# my woven label sewn on the outside?



## saltybeachdianne (Oct 17, 2007)

Hi All,

I am waiting for my woven labels with my company name/signature logo. Originally I was going to rip out the Alternative Apparel name and sew my label onto the seam. I would leave in their care instructions. BUT that will be time consuming, PLUS I spent all of this money for these pretty labels so i am now thinking of sewing them on the bottom outside hem of the tshirts. Possibly on the back bottom rightside hem. 

what do you think? anybody done this? The woven labels are 1 inch by 1 inch. 
Thank you!
Dianne


----------



## mrebrandstudios (May 31, 2007)

Hello Dianne,

That is a great idea to sew your woven labels on the inside of the garment (to replace the mfg label) as well as on the outside to help with building brand awareness.


----------



## M.A.D. (Feb 18, 2008)

Hi Dianne,
I am in the midst of researching the same labeling technique. What did you end up doing and how is it going? What company did you use to get your labels?
Thanks,
Roy





saltybeachdianne said:


> Hi All,
> 
> I am waiting for my woven labels with my company name/signature logo. Originally I was going to rip out the Alternative Apparel name and sew my label onto the seam. I would leave in their care instructions. BUT that will be time consuming, PLUS I spent all of this money for these pretty labels so i am now thinking of sewing them on the bottom outside hem of the tshirts. Possibly on the back bottom rightside hem.
> 
> ...


----------



## saltybeachdianne (Oct 17, 2007)

Hi Roy,

I ended up using Clothing Labels 4 U, Lisa (the owner) provides personalized service and walked me thru this process. I did not end up putting them on the outside as I use a very thin cotton tshirt for girls, by alternative apparel. They are extra soft and form fitting butttt, the label would have to be sewn above the lower seam line onto the actual fabric and it just did not look good. 

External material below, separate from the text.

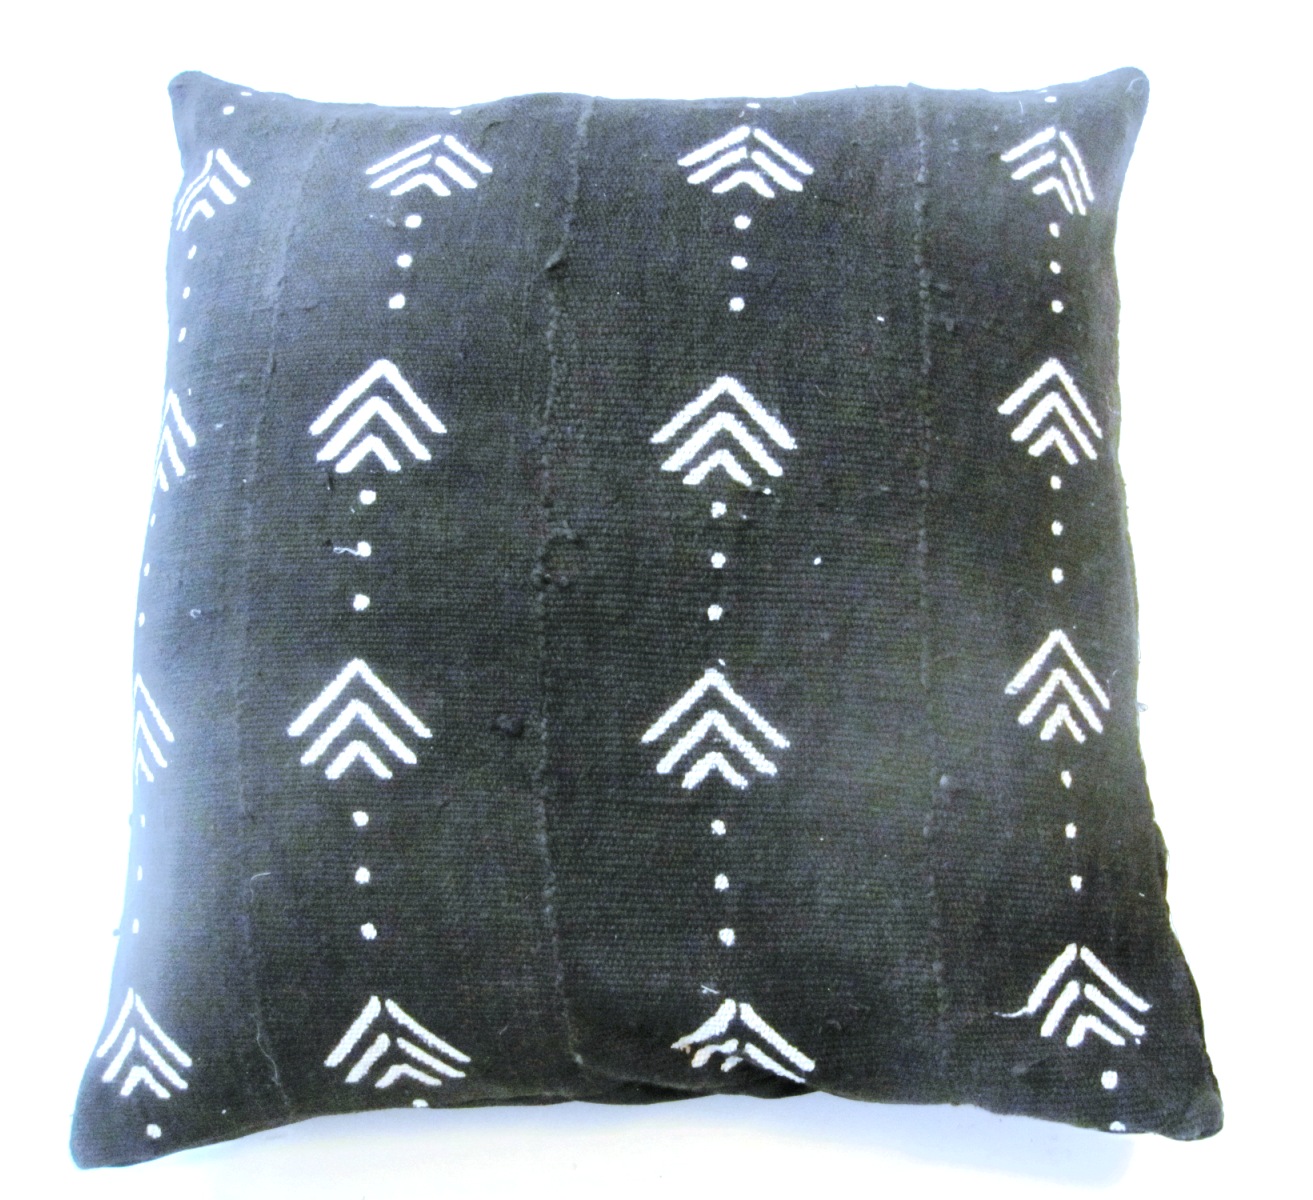 Bogolan Mud Cloth Cushion Cover - Black & White - Design #003

Do another search on woven labels as most people here recommend lavins labels. (sp?) I heard about them after I ordered from Lisa. But I was happy. I am so sorry I do not remember how much I paid for my 150 labels...but I will look it up later and post it, plus send you a pm. (I have to run to the beach now as we are doing our final model shoot and I have 3 girls arriving in 15 minutes) 

Di


----------



## saltybeachdianne (Oct 17, 2007)

here is a link to her site and my woven label
Testimonials - Clothing Labels 4 U

You need to scroll down a little above the half way point of the page, and my label is on the right hand side


----------



## M.A.D. (Feb 18, 2008)

Thanks Di,
Did you end up sewing the entire label on the inside back (neckline area) to the shirt or putting it on more like a traditional label that is folded over and sewn on? Did you remove the old shirt label first?
Hope the photo shoot went well!
Roy


----------